According to the latest Consumer Price Index released Thursday, the retail price of coffee in the United States jumped a staggering 21% in August compared to the same month last year. This marks the most severe annual increase since October 1997. On a monthly basis, prices rose 4%—the sharpest climb in 14 years. 

The cause of this inflationary jolt, industry analysts and shop owners say, can be traced directly to a wave of tariffs imposed on the very countries that fill America’s coffee pots. 

“We’ve been trying to absorb it, but the math just doesn’t work anymore,” says an owner of a local chain of cafés in the Midwest. “The cost of the raw bean is exploding, and it’s a direct pass-through from federal policy.” 

The United States is the world’s largest coffee importer, bringing in 99% of its beans from abroad, according to the National Coffee Association. The nation’s top source, by far, is Brazil. Yet, Brazilian coffee beans now face a crushing 50% tariff upon entry into the U.S., one of the highest rates levied on any country’s goods.

The tariffs, implemented by the current administration, are not based on traditional trade disputes but are a retaliatory measure.
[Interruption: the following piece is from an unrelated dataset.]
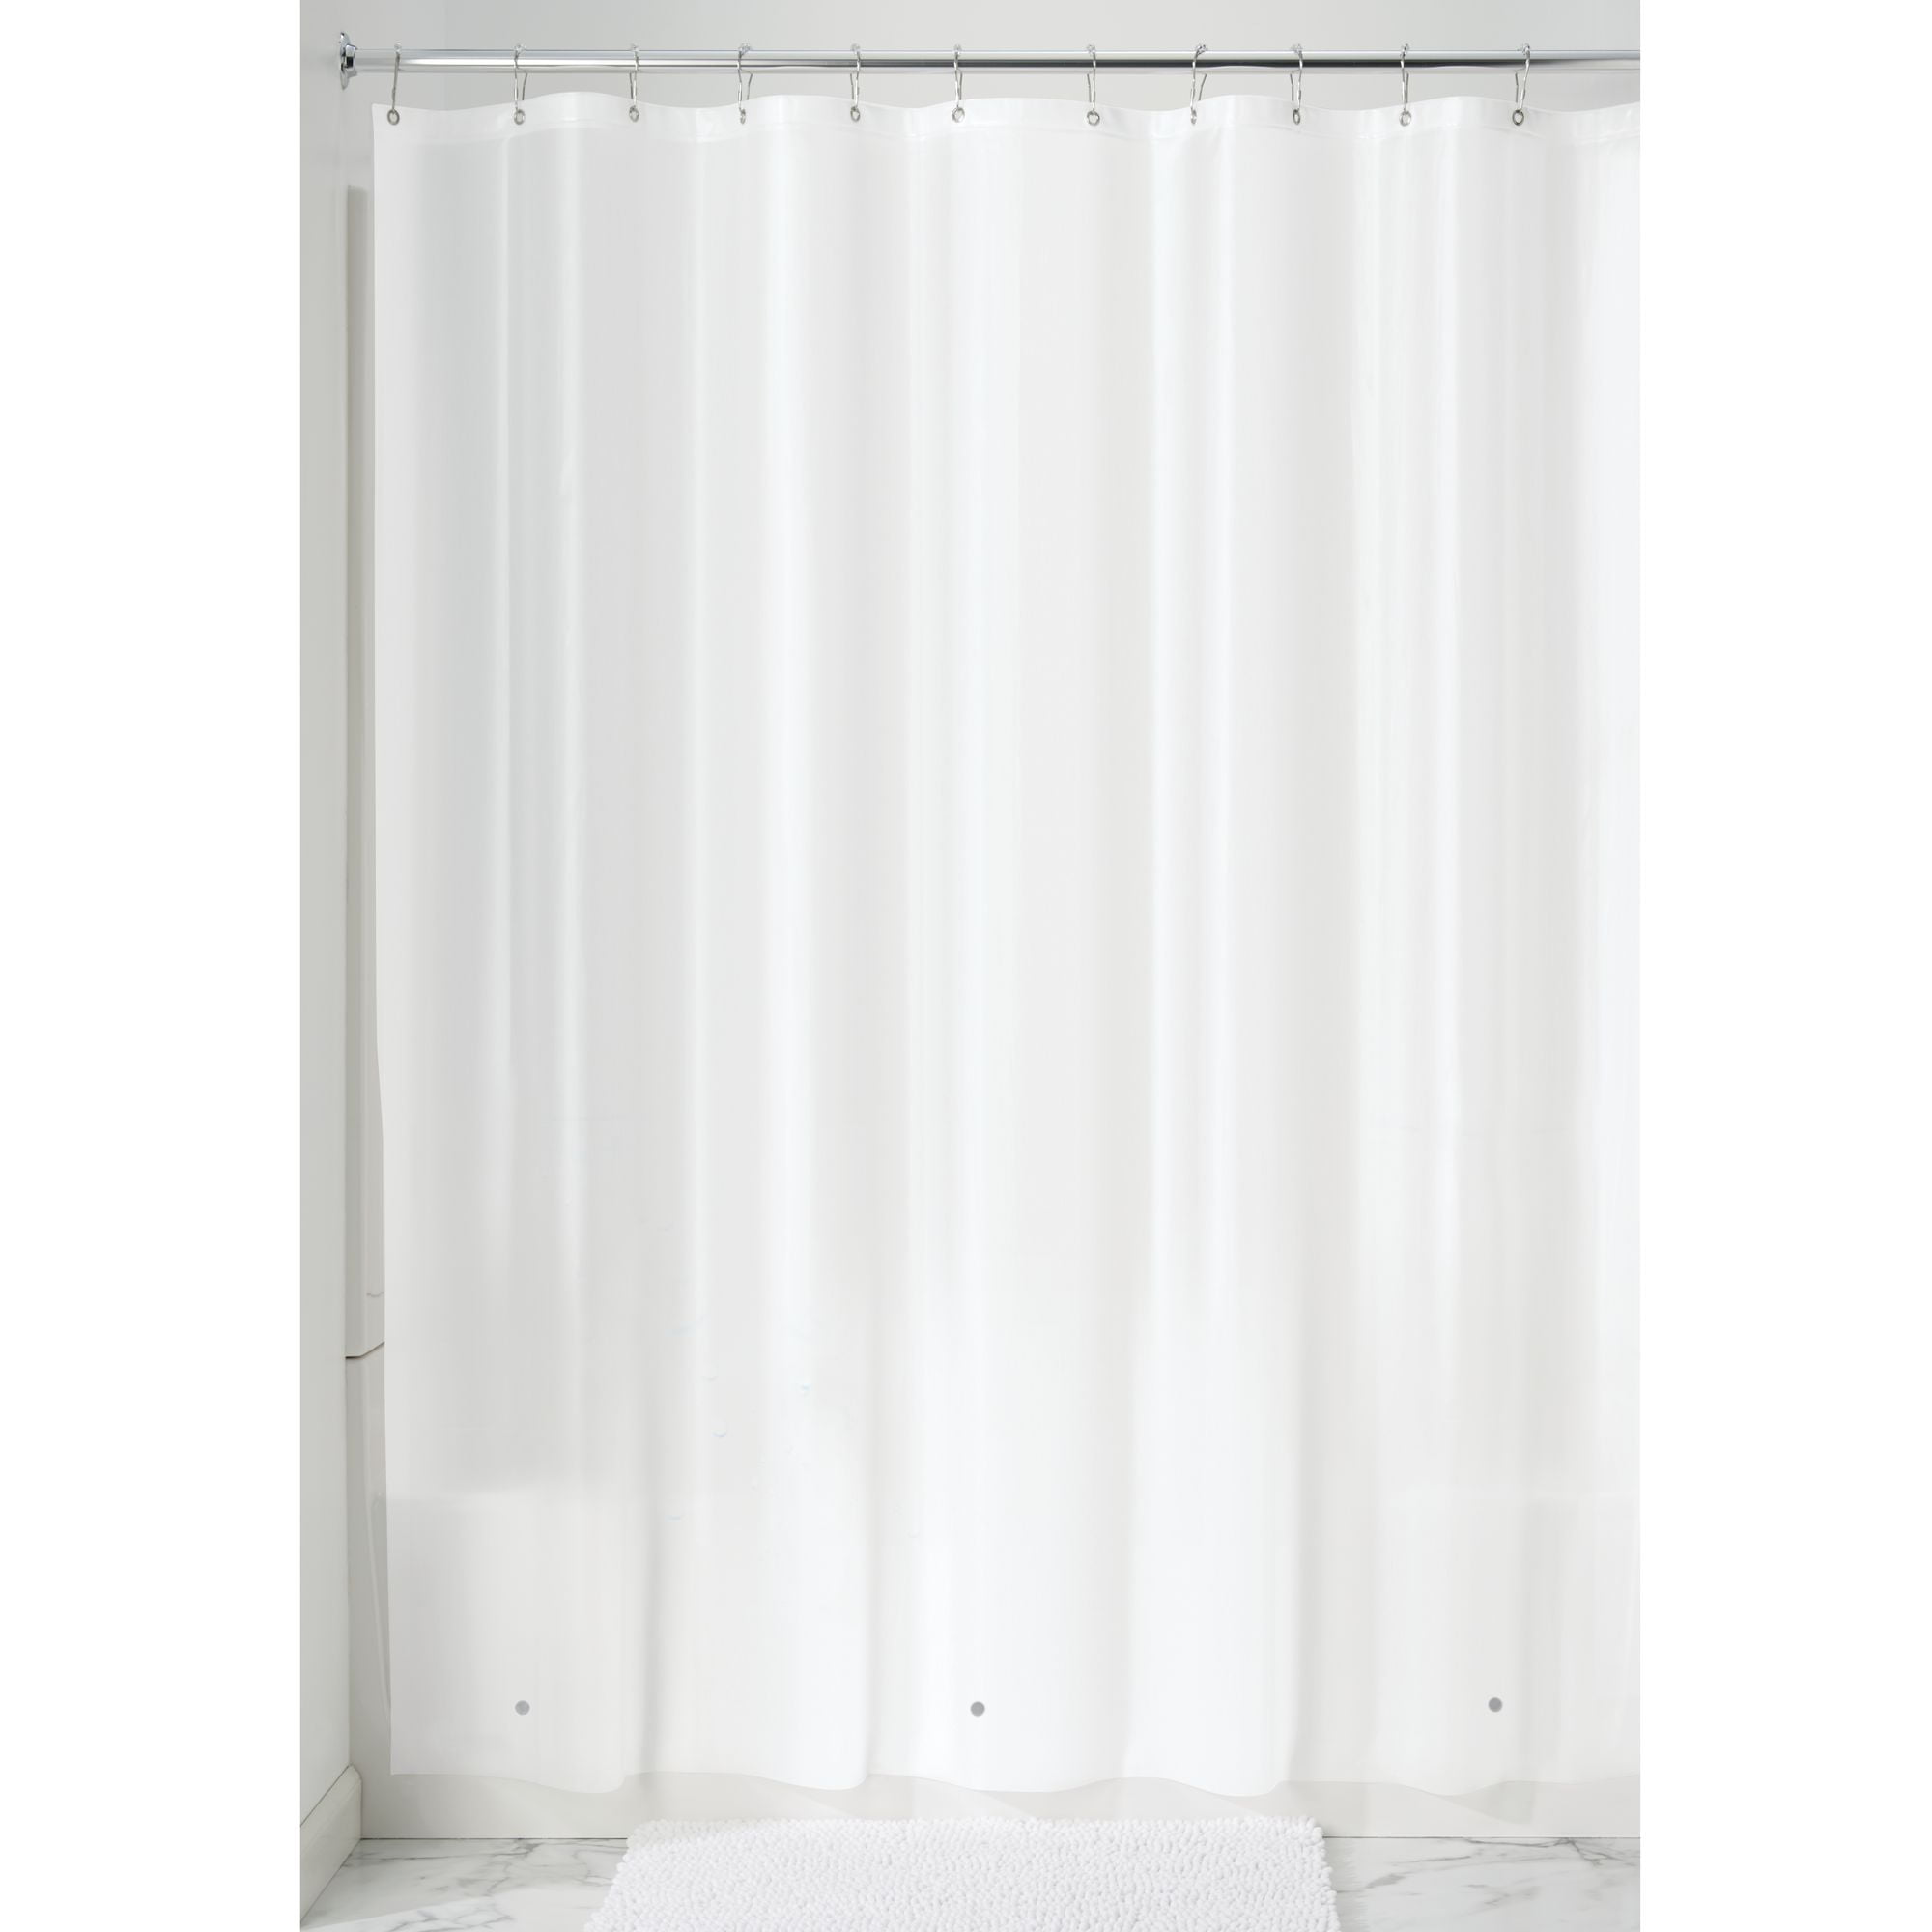 Details about   Shower Curtain 180x200cm 180x180cm Anti Mold Bath Curtain Curtain PEVA ang Vorhang PEVA data-mtsrclang=en-US href=# onclick=return false; 							show original title

They stem from President Trump’s anger over the trial and recent conviction of his political ally, former Brazilian President Jair Bolsonaro. 
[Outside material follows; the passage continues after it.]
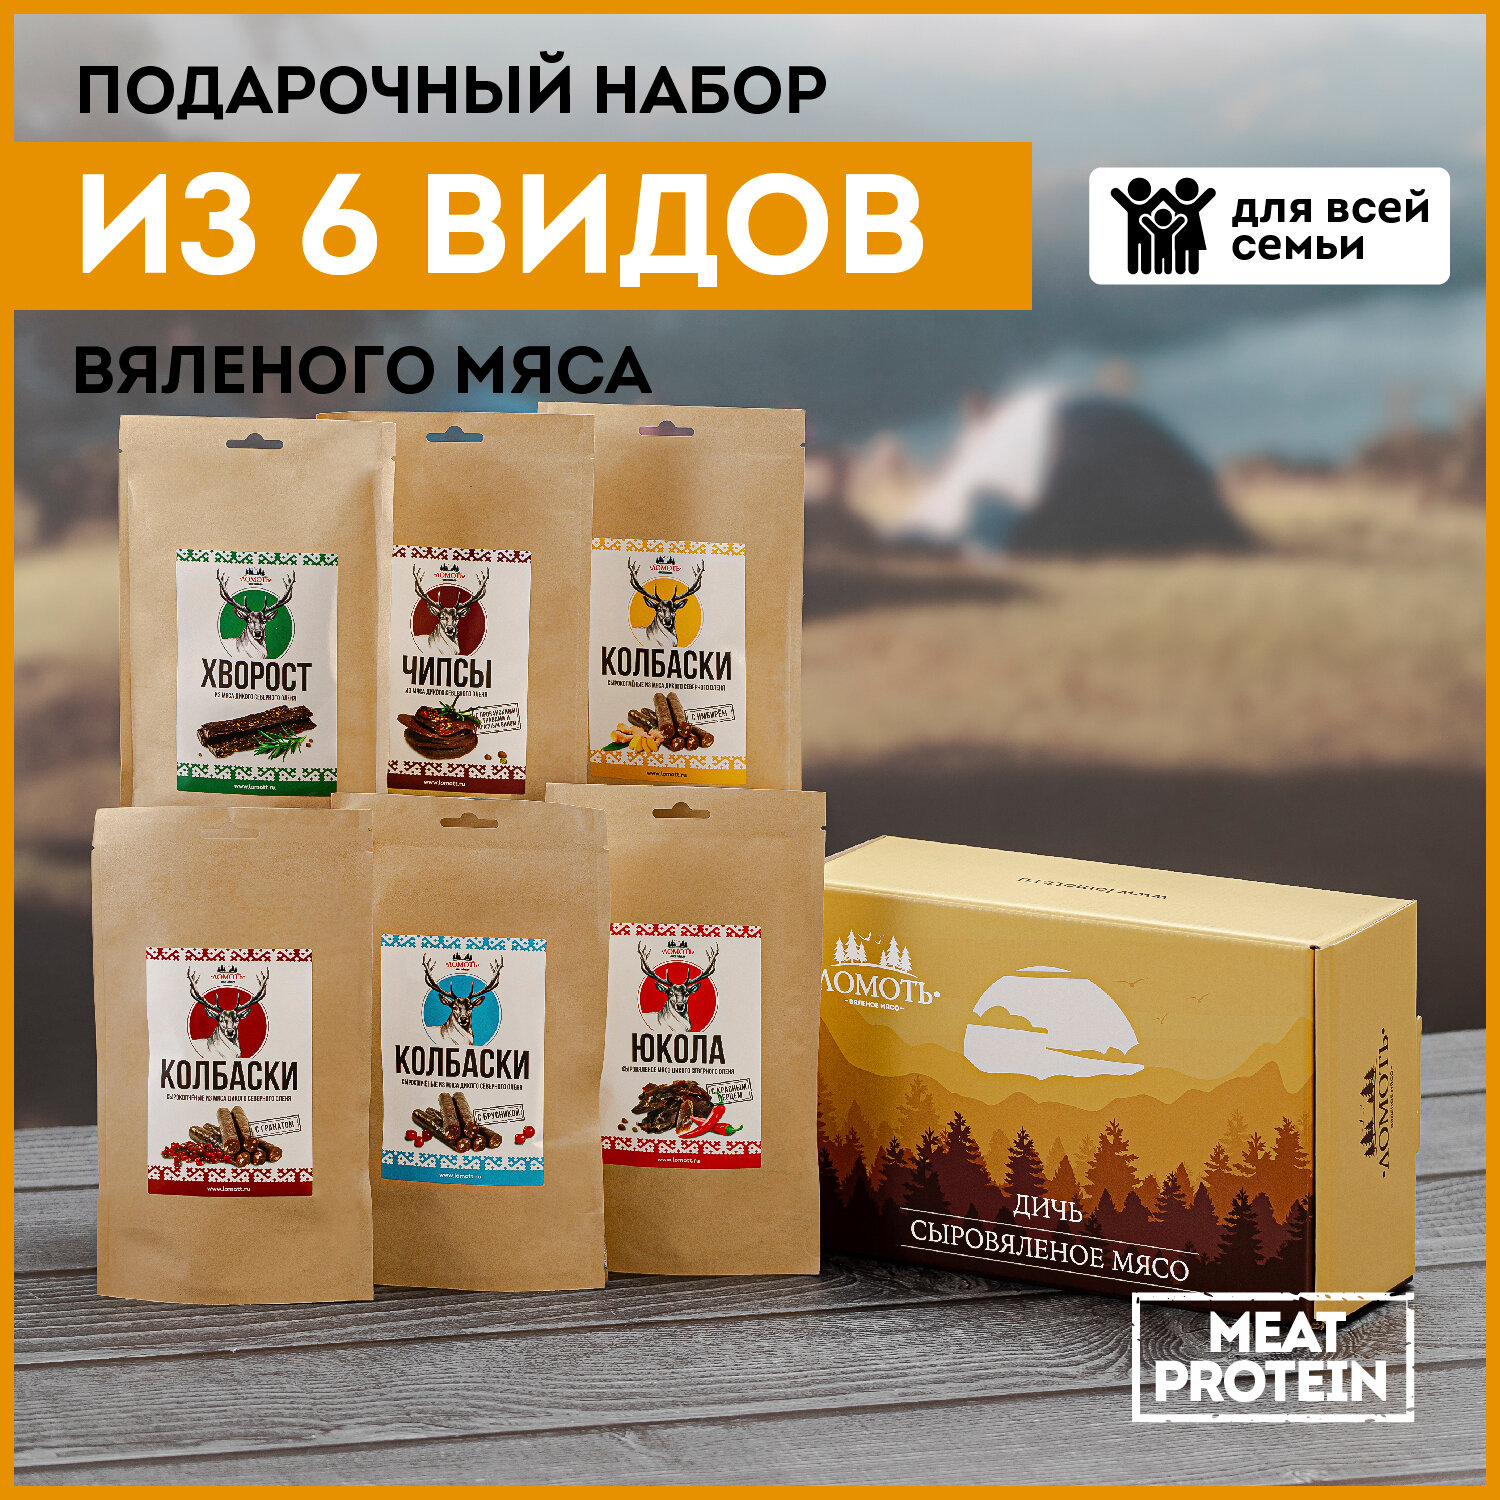 Подарочный набор Ломоть деликатесы С севера (6 пачек - 290 грамм оленины) подарок мужчине на 23 февраля

The pain doesn't stop with Brazil. The industry is facing a perfect storm of tariffs across its entire supply chain. Colombia, the second-largest exporter to the U.S., faces a 10% duty, and Vietnam, the third-largest, is hit with a 20% tariff. 

The financial strain is now cascading from importers to roasters to Main Street coffee shops. After months of attempting to shield customers, major brands are signaling that the bill has come due. 

On its earnings call last month, J.M. Smucker, the parent company of Folgers and Café Bustelo, warned investors it will likely raise prices for the third time this winter, after initial hikes in May and August. 

Some small businesses are taking a more direct approach. At French Truck Coffee in New Orleans, a local favorite, customers now see a line item on their receipt: a 4% “tariff surcharge” explicitly added to offset the rising cost of beans. 

“It was a tough decision, but transparency felt right,” said a manager at one of the chain’s locations. “We’d rather our customers know why their latte costs more than hide it.” 

One notable holdout is the world’s largest coffee chain. Starbucks stated on its July earnings call that due to its complex, long-term buying practices and hedging strategies, the full impact of the tariffs would lag significantly behind the broader market. The company does not expect its year-over-year coffee costs to peak until 2026. 

For now, that means a cup of Pike Place roast remains insulated from the immediate shock. But for the vast majority of American coffee drinkers, from grocery store shoppers to patrons of independent cafes, the message is clear: the era of cheap coffee is over, and the new prices are, quite literally, steeped in geopolitics.